To select based on Entrez information we will use a specific format:
    
`host: <host-species-name> OR organism: <organism-common-name>`
    
For example, `host: Homo sapiens OR organism: human` is a valid `sel_key` input that will look for sequences that infect humans by making sure either the corresponding *host* or *organism* entry contain the human keywords. **It is important to specify both** because sometimes Entrez entries do not contain host information but will specify the organism.   
Let's run it!

In [None]:
query = matches_df["query"][0]
alignment = Alignment(matches_df, query, output_dir)
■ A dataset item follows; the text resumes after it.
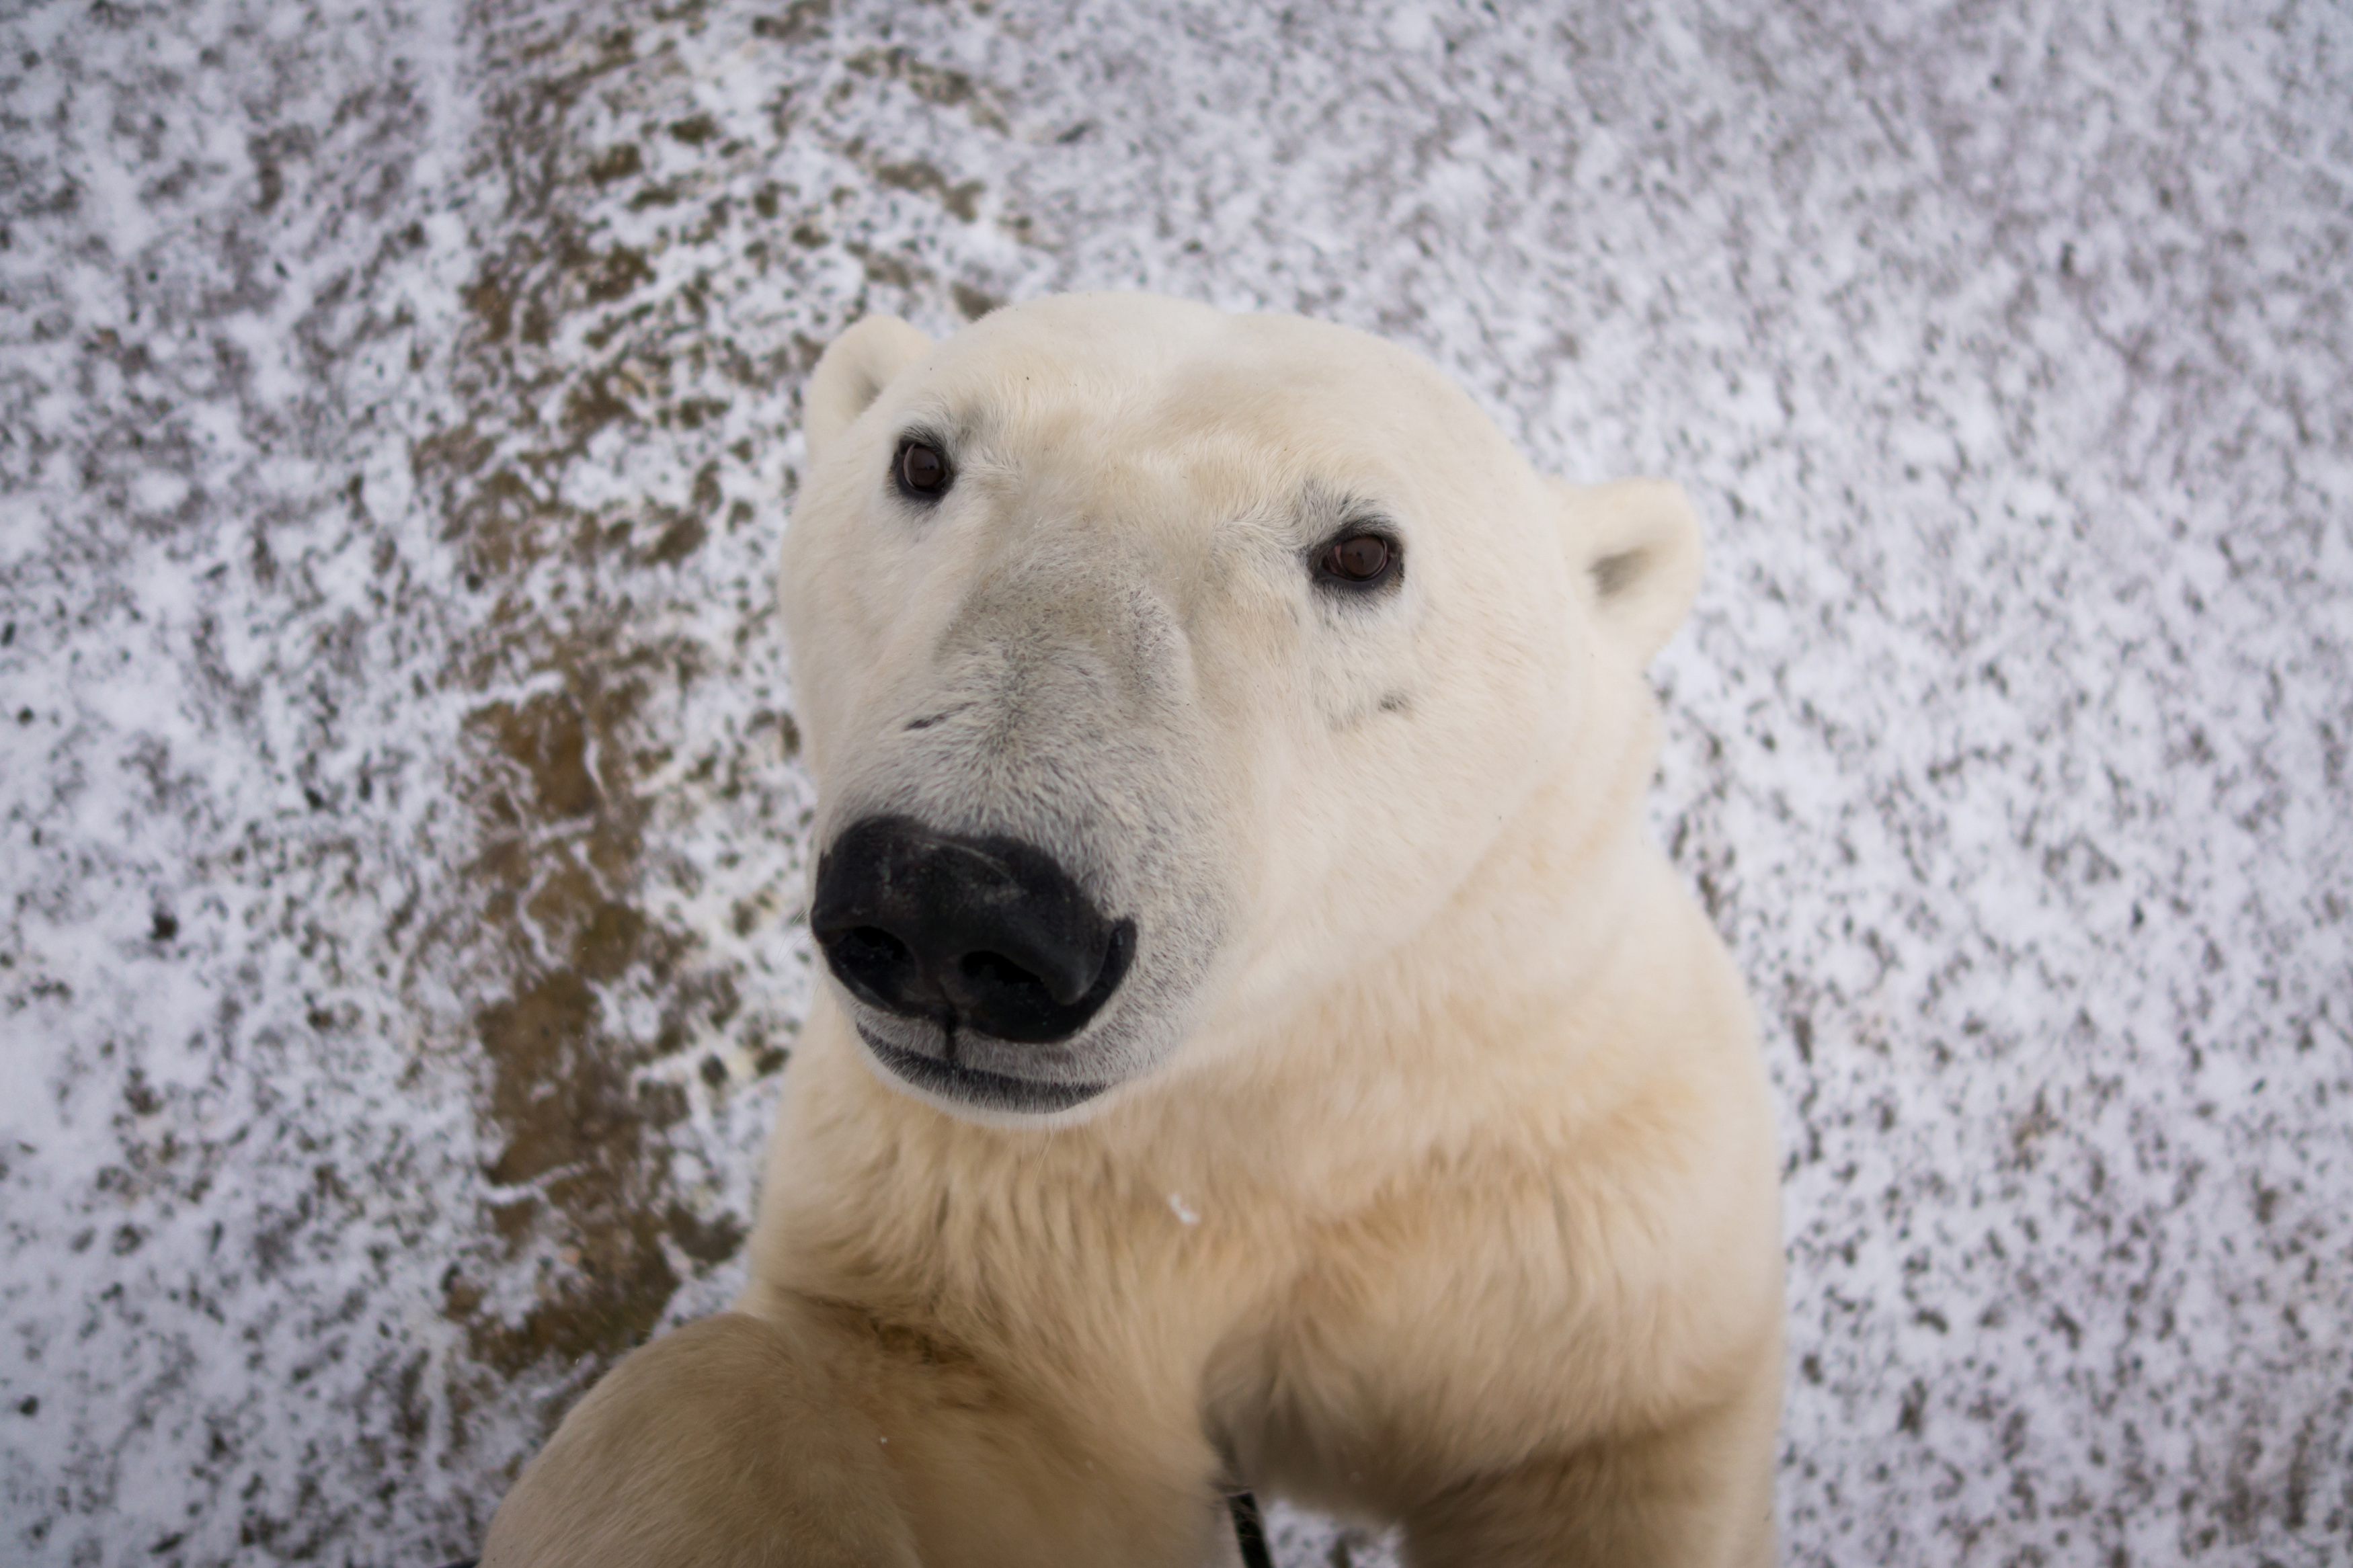 Incredible close-ups of nosey polar bear investigating camera ...

sel_key = "host: Homo sapiens OR organism: human"
file_prefix = "sars_tutorial_human_host"
alignment = do_MSA(
            alignment=alignment, 
            select_mode=sel_key, 
            file_prefix=file_prefix, 
            plot_width=2000, 
            n_chains=2,
            color_by_group=True,
            start_alignment_idx=1,
            max_mismatch=2,
            custom_order=""
        )

INFO: A fasta file tutorial_results/sars_tutorial_human_host.fasta have been generated with the selected sequences
INFO: A fasta file tutorial_results/sars_tutorial_human_host_alignment.fasta have been generated with the multi-seq alignment
INFO: A csv file tutorial_results/sars_tutorial_human_host.csv have been generated with the selected sequences
INFO: The multi-sequence alignment returns the following matches:
INFO: group: 128/310
INFO: exact: 86/310
INFO: none: 96/310
INFO: Aligning 7 sequences of lenght 310
INFO: A html file tutorial_results/sars_tutorial_human_host_alignment.html have been generated with the aligned sequences


## Using ColabFold to generate PDB structures of our sequence matches

So far we have went from a reference protein sequence, to find all related viral proteins that infect humans, and visualizing how much the sequences relate to each other. To analyze how these differences translate into structural differences, we will feed the sequences into [ColabFold](https://github.com/sokrypton/ColabFold/tree/main?tab=readme-ov-file) to generate their corresponding structures with respect to a common template (in this case, the initial reference protein). Then, we will align and visualize the generated sequences with the reference and save a PyMOL session that will allow us to point to specific structural differences. 

You can install ColabFold in your local machine by following the instructions [here](https://github.com/YoshitakaMo/localcolabfold). The command-line `colabfold_batch` program takes as input a CSV file containing the ID and sequence of the structures we wish to fold, as well as the path to the directory all results will be stored.  
Optionally, we can also provide ColabFold with the PDB of a structure to use as template, as well as adjust the number of times the folded structure will be recycled, and the number of repetitions we want to generate (_e.g._, for improving the statistics of our model).     

The fold model can also be specified via `--model-type`. For monomers, _"alphafold2_ptm"_ is often appropiate, while multimers (`n_chains`>1 in the previous step) can be folded using the _"alphafold2_multimer_v3"_ model. We will run a job with 3 recycles, a single repetition and a monomer model.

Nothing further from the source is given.